Even the symptoms that patients do experience often get misdiagnosed as something else. Doctors who misdiagnosed cancer may mistake shortness of breath from lung cancer for asthma or COPD. They may confuse the chronic cough that lung cancer causes with pneumonia or bronchitis. If you’re coughing up blood, doctors might assume you have tuberculosis when you really have lung cancer.

The longer lung cancer goes undiagnosed, the worse the patient’s prognosis becomes. At stage 0, your lung cancer survival rate is 73 to 90 percent, but that rate drops to less than 10 percent when the cancer advances to stage IV.

5. Skin Cancers

Research has shown that melanoma – a rare but deadly form of skin cancer – is also among the most commonly misdiagnosed cancers in the U.S. At early stages, skin cancer may mimic eczema, and other non-cancerous conditions. Doctors who dismiss suspicious skin marks and growths without further testing could allow cancer to progress to life-threatening stages.

Besides attributing cancer symptoms to benign causes, one of the biggest – and most surprising – reasons for cancer misdiagnosis is an error in the lab. Biopsies, the collection of body tissue samples for testing and analysis, are widely used in cancer detection. They’re also a lot more fallible than most people realize, especially when it comes to diagnosing skin cancers.

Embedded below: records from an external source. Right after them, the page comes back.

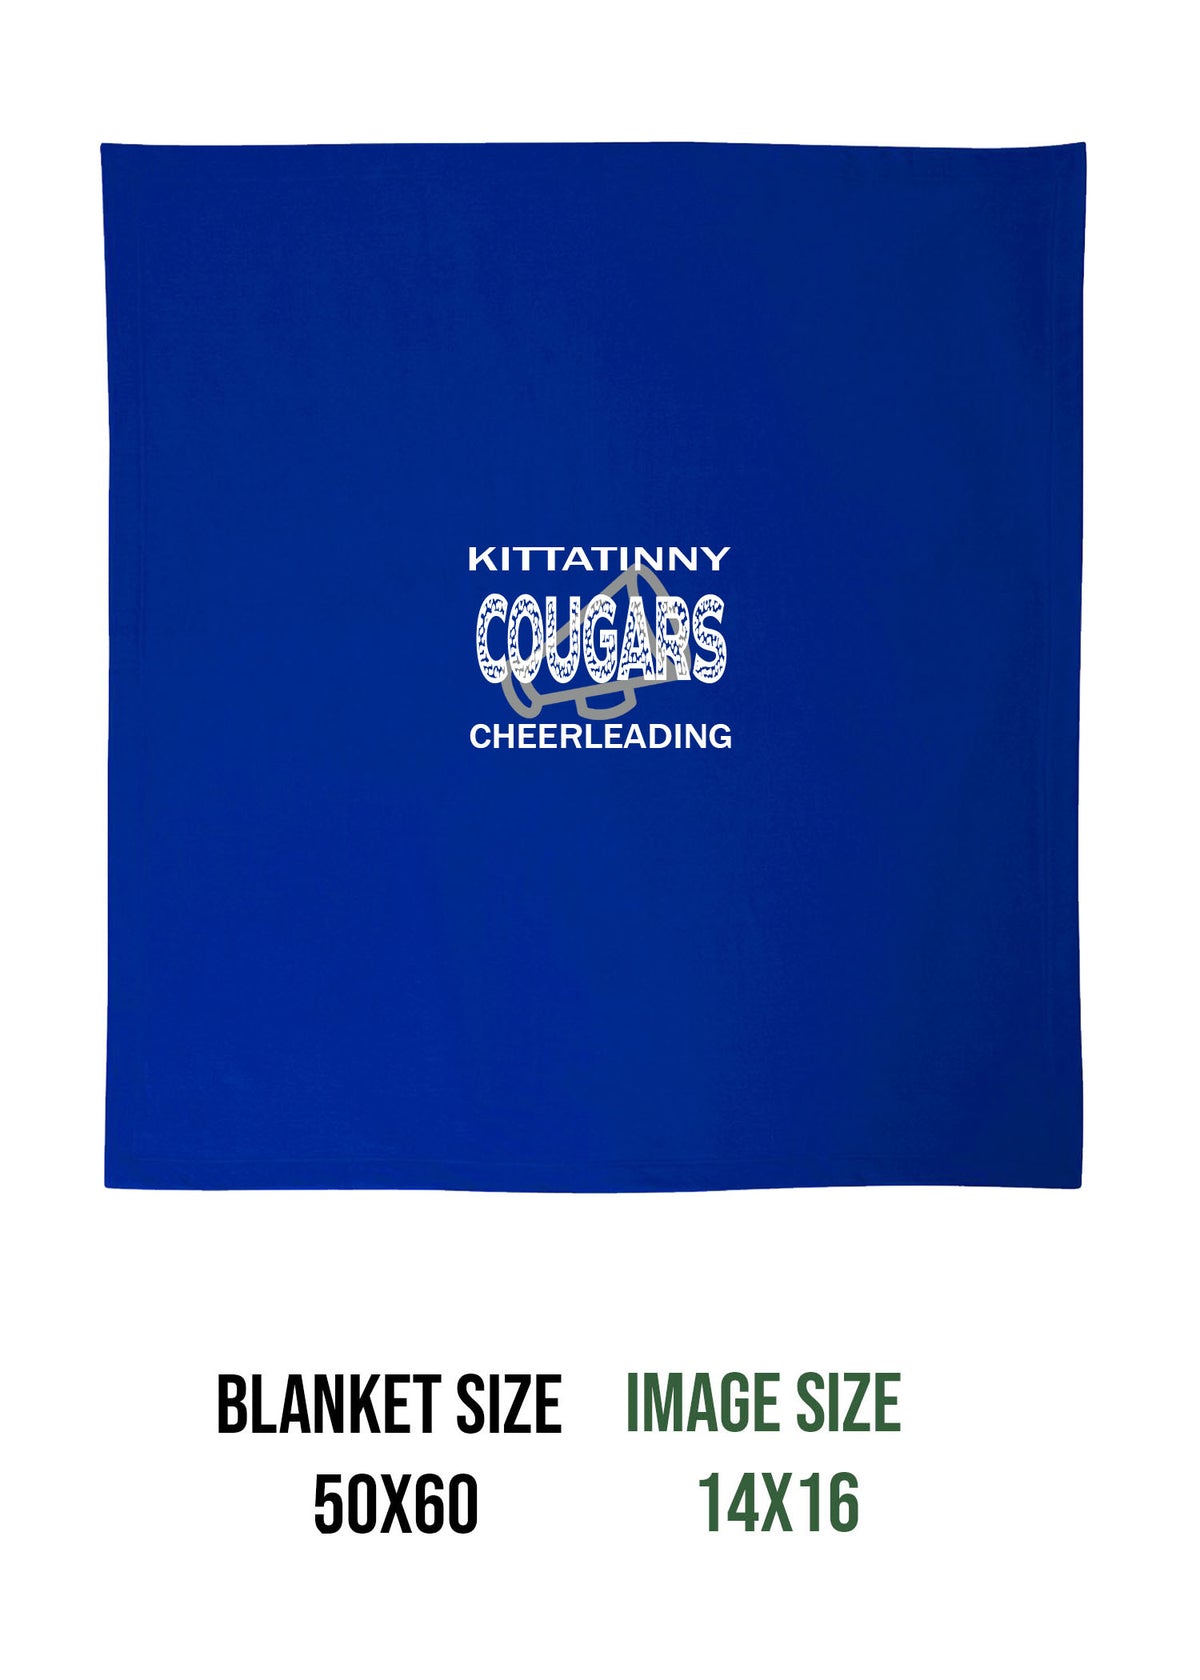 Kittatinny Cheer Design 10 Blanket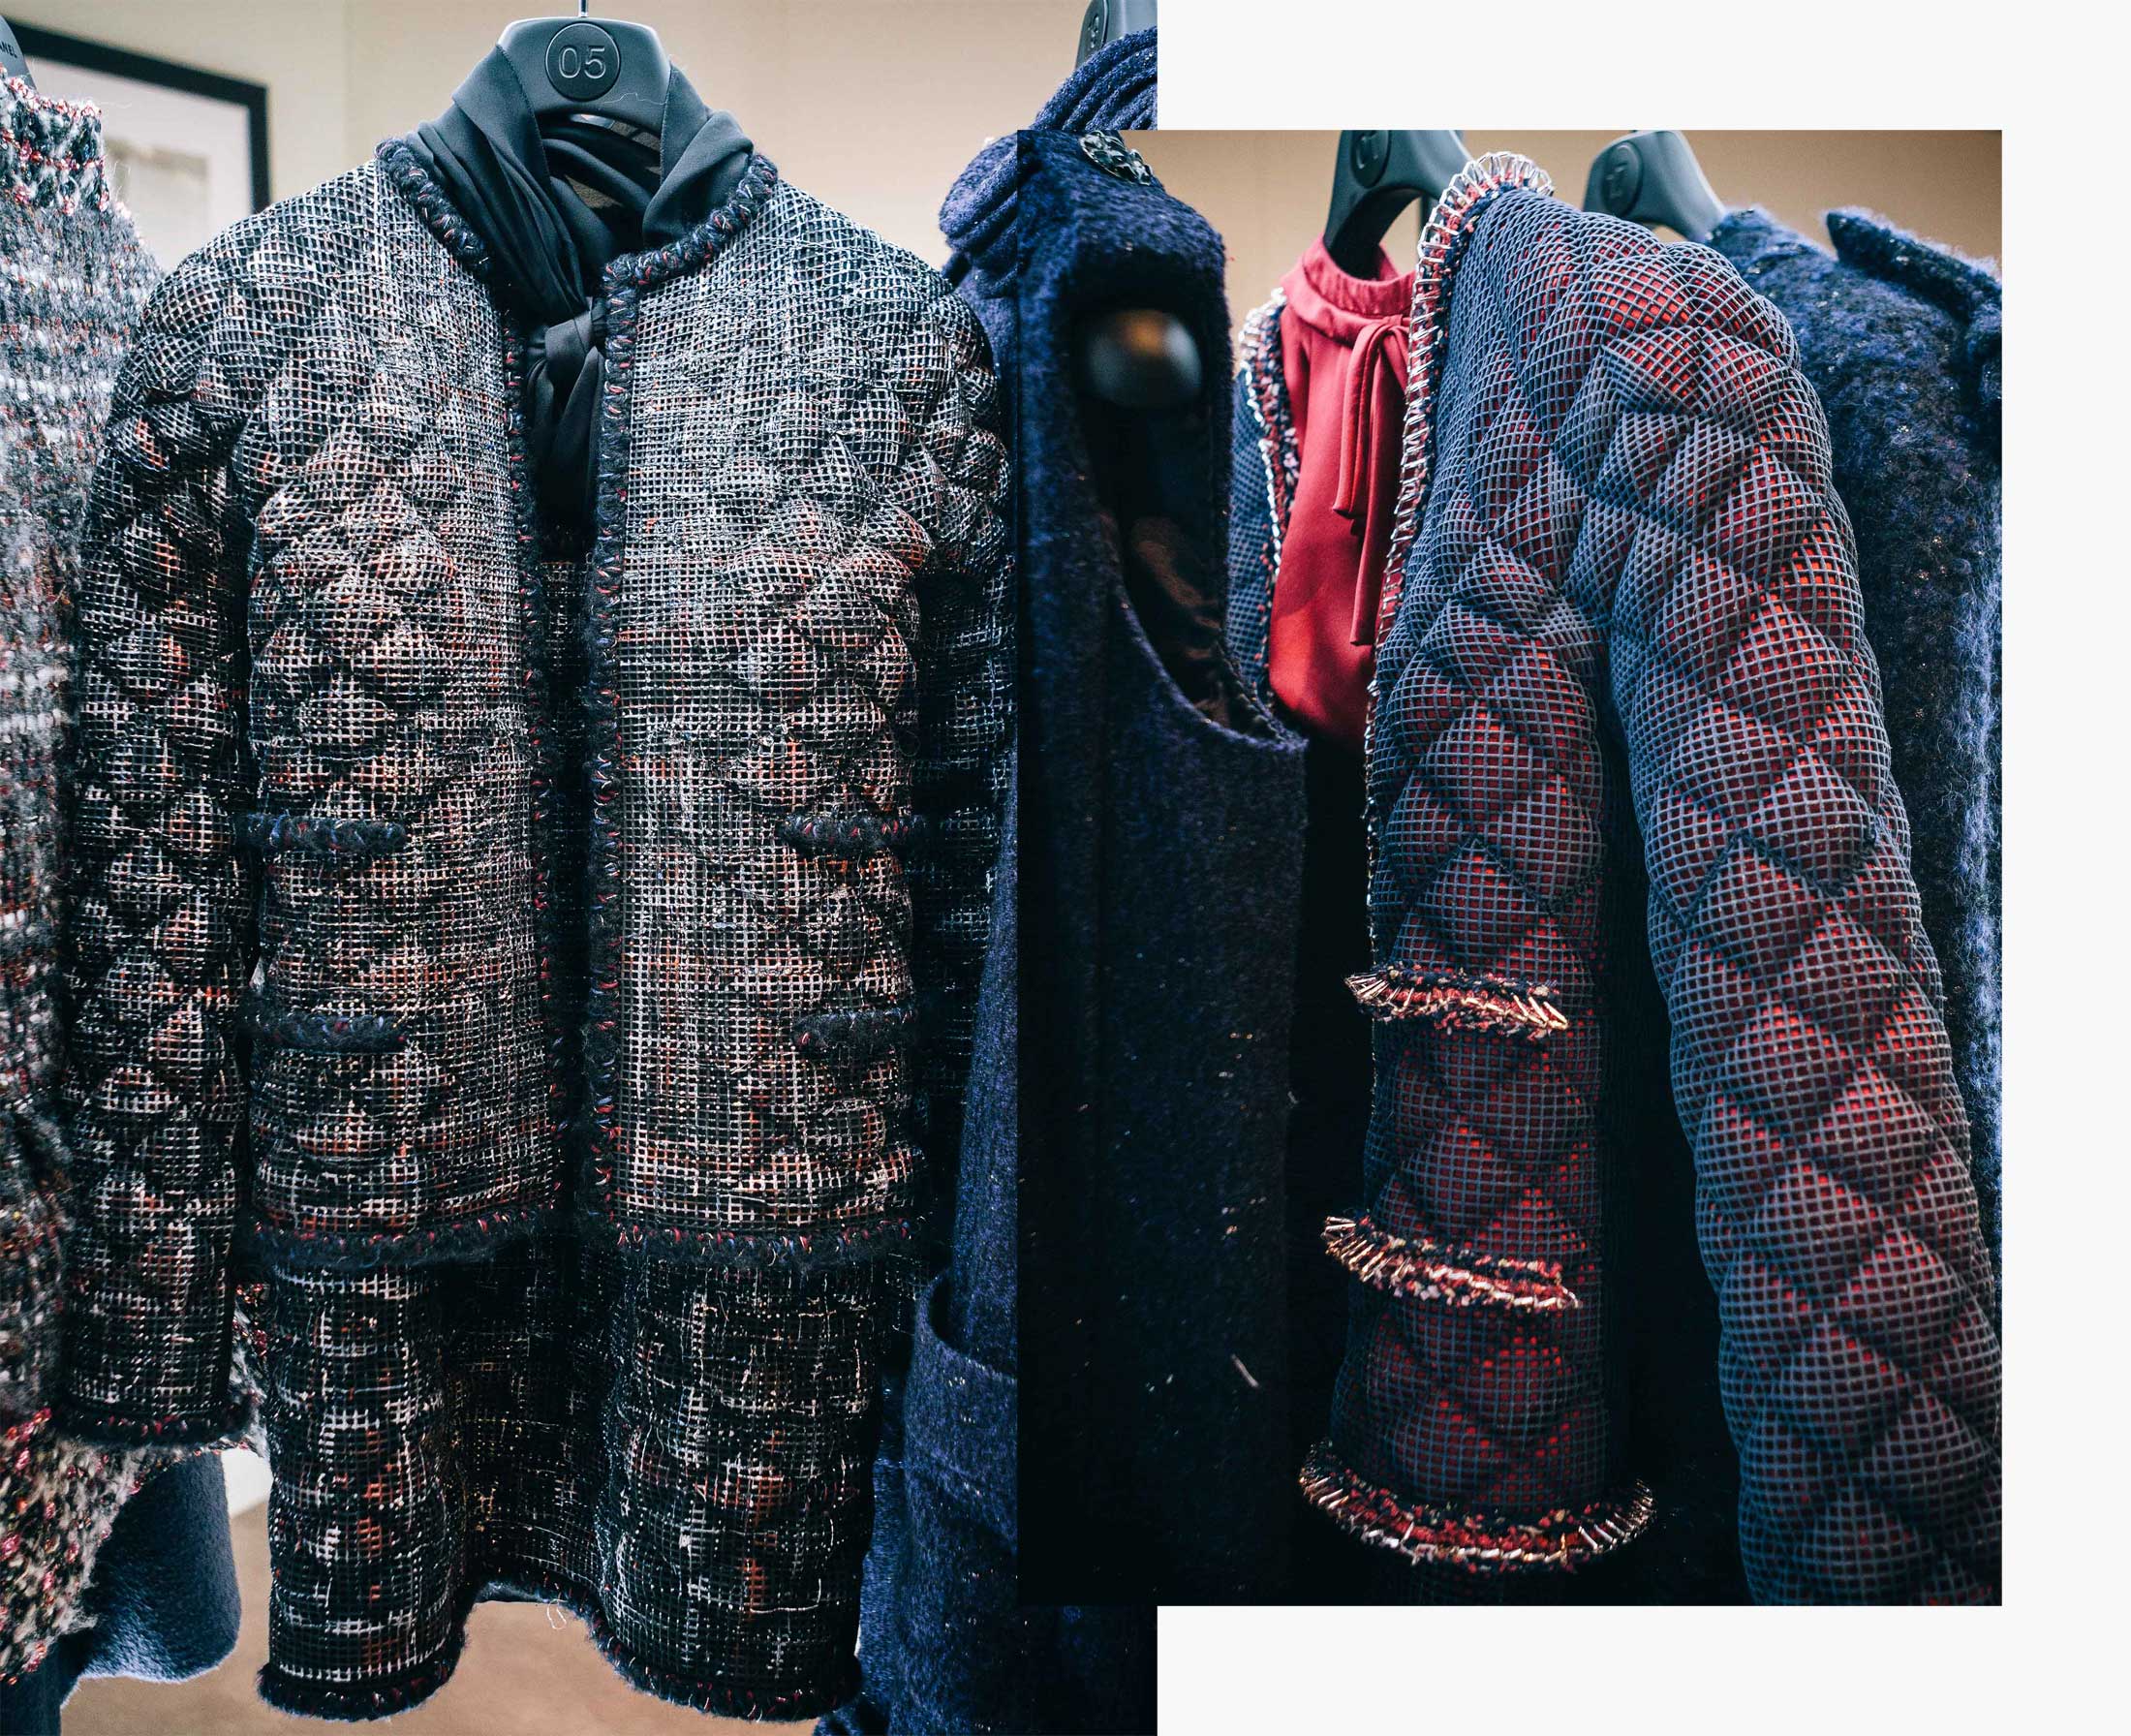 The Chanel Casino collection, Chanel Haute Couture Autumn Winter 2015, Chanel Fall Winter 2015, Alta Costura, Automne Hiver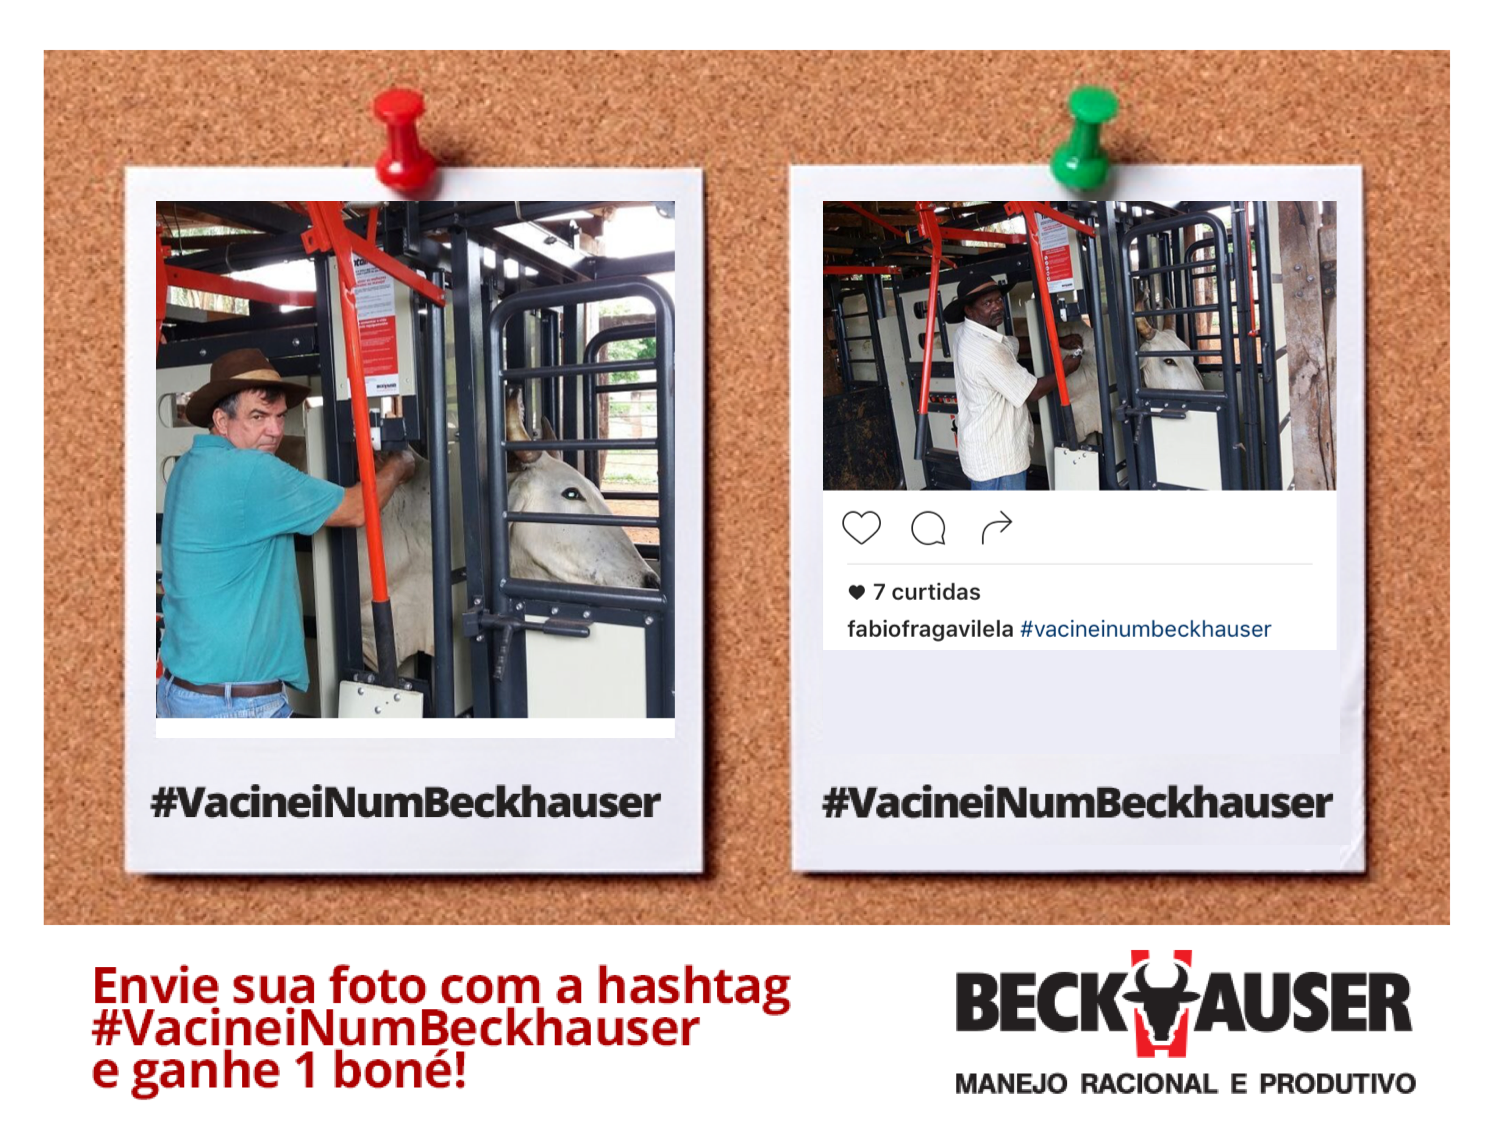 Campanha “Vacine com Beckhauser” faz sucesso nas redes sociais da empresa

The people who work in laboratories analyzing these samples – typically by looking at slides of them under a microscope – are called pathologists. While pathologists can specialize in interpreting a certain kind of cancer, many don’t. Those who do specialize in one kind of cancer may sometimes have to weigh in on samples that they’re not experts in.

When pathologists try to look for a kind of cancer they haven’t specialized in, “many mistakes” occur, ABC News reported. Skin cancer is among the types of cancer most prone to pathologist errors.

Dealing With a Delayed Cancer Diagnosis

When doctors misdiagnose cancer, they prevent patients from getting the treatment they need when they need it. This mistake allows treatable early-stage cancer to advance to late-stage or even terminal cancer.

As soon as you find out that you have cancer – no matter what stage it is – you should speak with a doctor about your options. It’s often a good idea to seek a second opinion, even if you think your doctor is competent, because diagnostic errors are far too common.

Remember that any further delay could make your bad prognosis even worse. It’s important that you’re getting the care you need right now.

However, no matter how quickly you act, it doesn’t change the delay in getting your treatment in the first place or how much your condition has worsened as a result of that delay.